Job figures for September 2024 reveal that nearly all the additional hours worked over the past year have been in the non-market sector. Much of this has come from the ‘care economy’ - the fastest growing sector over the past decade, and the most common destination for workers switching industries. This has accelerated a long-standing trend in the Australian economy: its transition from goods production—particularly in agriculture and manufacturing—towards services - such as education, tourism, hospitality, and retail.

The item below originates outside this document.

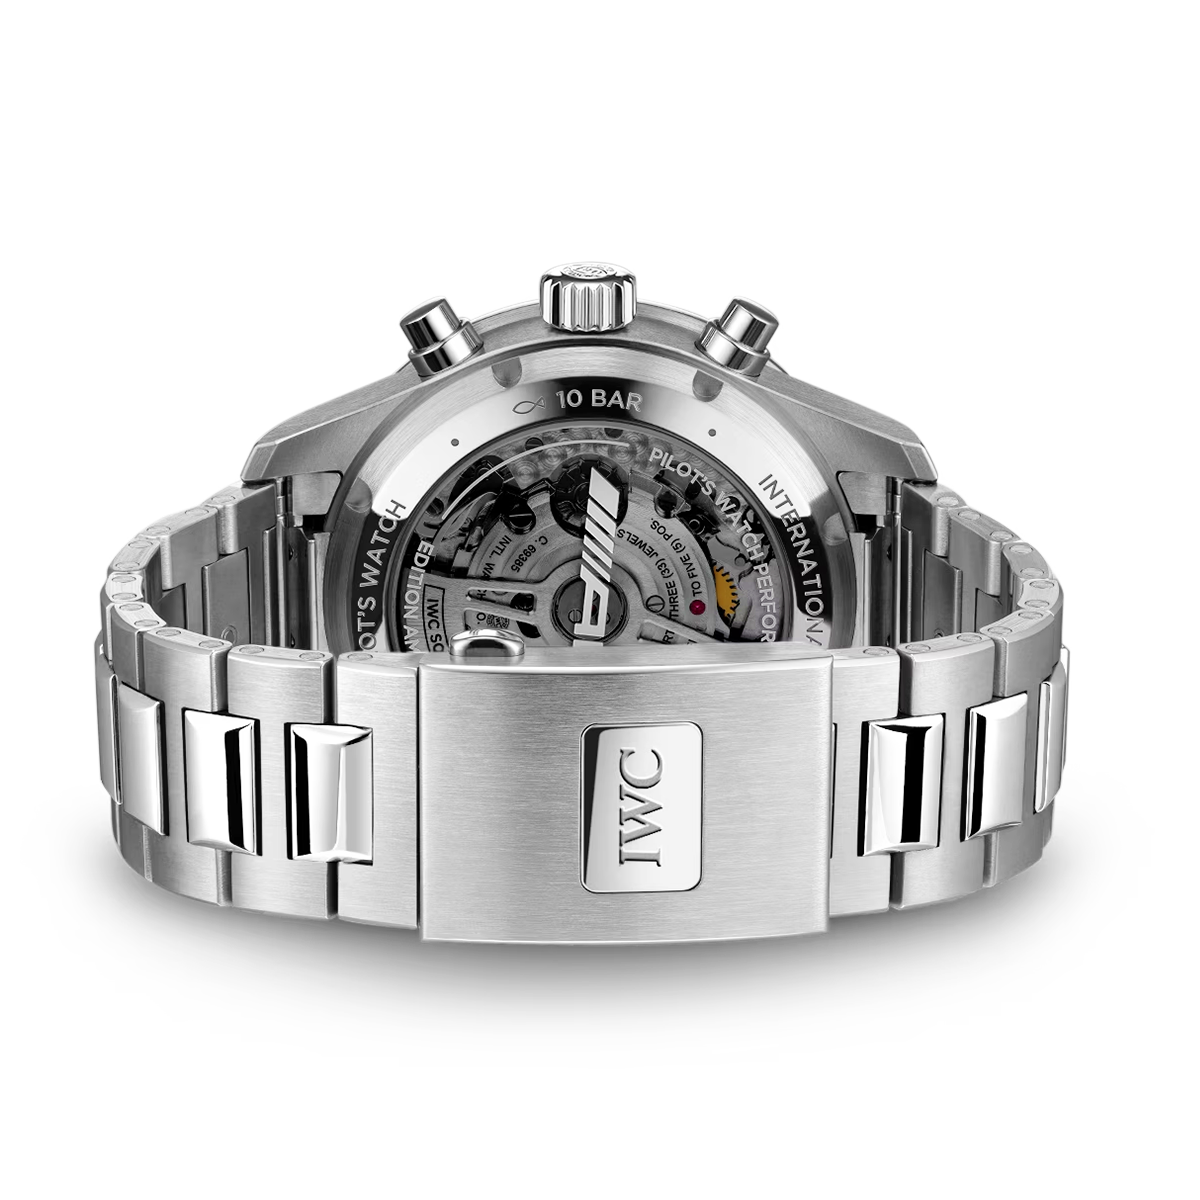 Pilot's 41mm Black Dial AMG Performance Chronograph Bracelet Watch

An ageing population that demands more healthcare, boosts to wages for aged care and child care workers, potential new investments in cheaper child care, and the continued growth of the National Disability Insurance Scheme (NDIS) underpin projections that this shift will continue.

These projections of an ever-growing care economy often do not consider how the economy’s supply-side adjusts to accommodate it. Looking at employment shifts between sectors over the decade to 2022 can help unpack this.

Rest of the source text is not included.